The choral conductor and composer tells Freya Parr about his compositional methods and how he still uses pencil and paper

Composer and choral conductor Eric Whitacre

Eric Whitacre’s music is hugely popular with both amateur and professional choirs. Renowned for his digital projects, he has created an 8,000-strong online ‘Virtual Choir’ and collaborated with scientists to create Deep Field, a work for orchestra, choir and phones. The Sacred Veil will be performed across Europe in 2020. He recently released ‘Sing Gently’, a new work for virtual choir.

He spoke to BBC Music Magazine‘s Freya Parr for the Meet the Composer column in the Christmas 2019 issue.

‘My imagination is more visual than sonic. Everything I write has a cinematic approach, because there are few art forms as moving and visceral as movies. It’s extraordinary what a great film score can do. When I’m conducting my work, I endlessly use visual metaphors.

I started conducting because I wanted to get the music as close as possible to how I imagined it. I always found it excruciating sitting in the audience and watching someone else conduct my music. In the case of The Sacred Veil [a eulogy to a friend’s late wife], it’s such a personal piece that I desperately don’t want to be there if someone else is conducting. They’re more than welcome to perform it, but I’ll be far, far away.

I still write everything with a pencil and paper. Ideas flow better, and when I have all the pages laid out in front of me, I can see several minutes of music at a time. This helps me visualise better what the piece is and where it needs to go.

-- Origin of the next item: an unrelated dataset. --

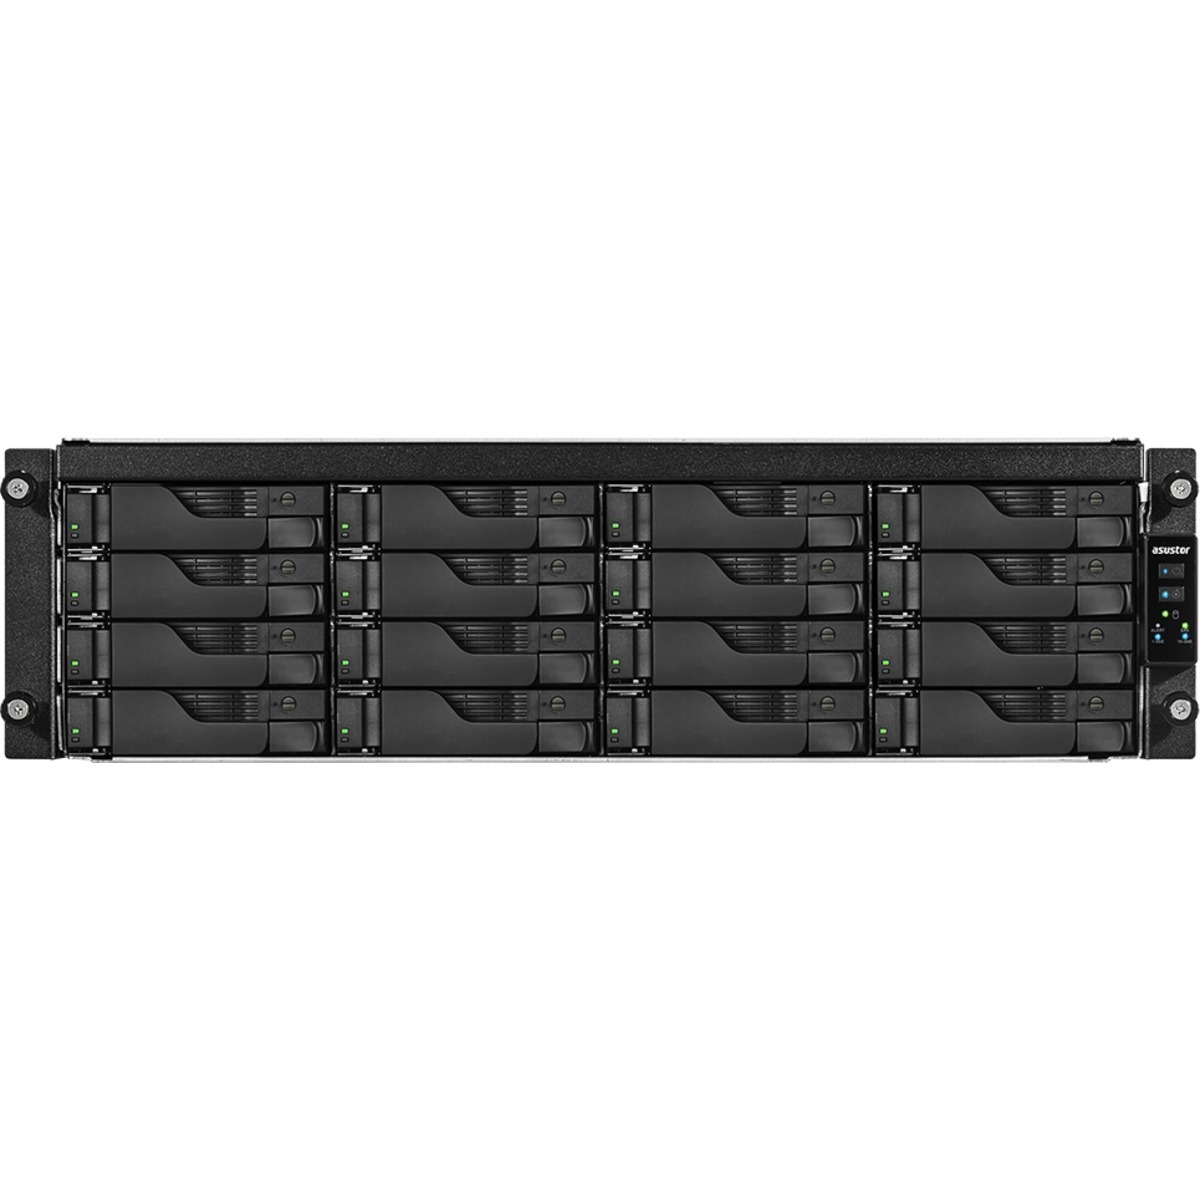 ASUSTOR AS7116RDX Lockerstor 16R Pro 252tb 16-Bay RackMount Large Business / Enterprise NAS - Network Attached Storage Device 14x18tb Toshiba Enterprise Capacity MG09ACA18TE 3.5 7200rpm SATA 6Gb/s HDD ENTERPRISE Class Drives Installed - Burn-In Tested AS7116RDX Lockerstor 16R Pro

The governing principle of music is structure. I’ve found that no matter how big the screen is, when working on a computer I can never really get a sense of the structure of a piece. Sometimes when I’m listening to music being performed live, I can hear the limitations of those composing programmes on the music – bars have been copied and pasted without any kind of variation, and there’s a sense of ‘page-itis’, where phrases tend to be about the length of a page on screen. It’s so important that words and music are married completely in choral music.

I never understand music where texts are used simply as a vehicle for the notes and are considered secondary. To me, the whole reason we have this art form is to illuminate the poetic word with music. When I’m setting poetry by someone from history – which is usually the case – there’s a beautiful agony to it, because the poetry cannot change. I have to find my path through the structure they’ve already built.’

This article initially featured in the Christmas 2019 issue of BBC Music Magazine.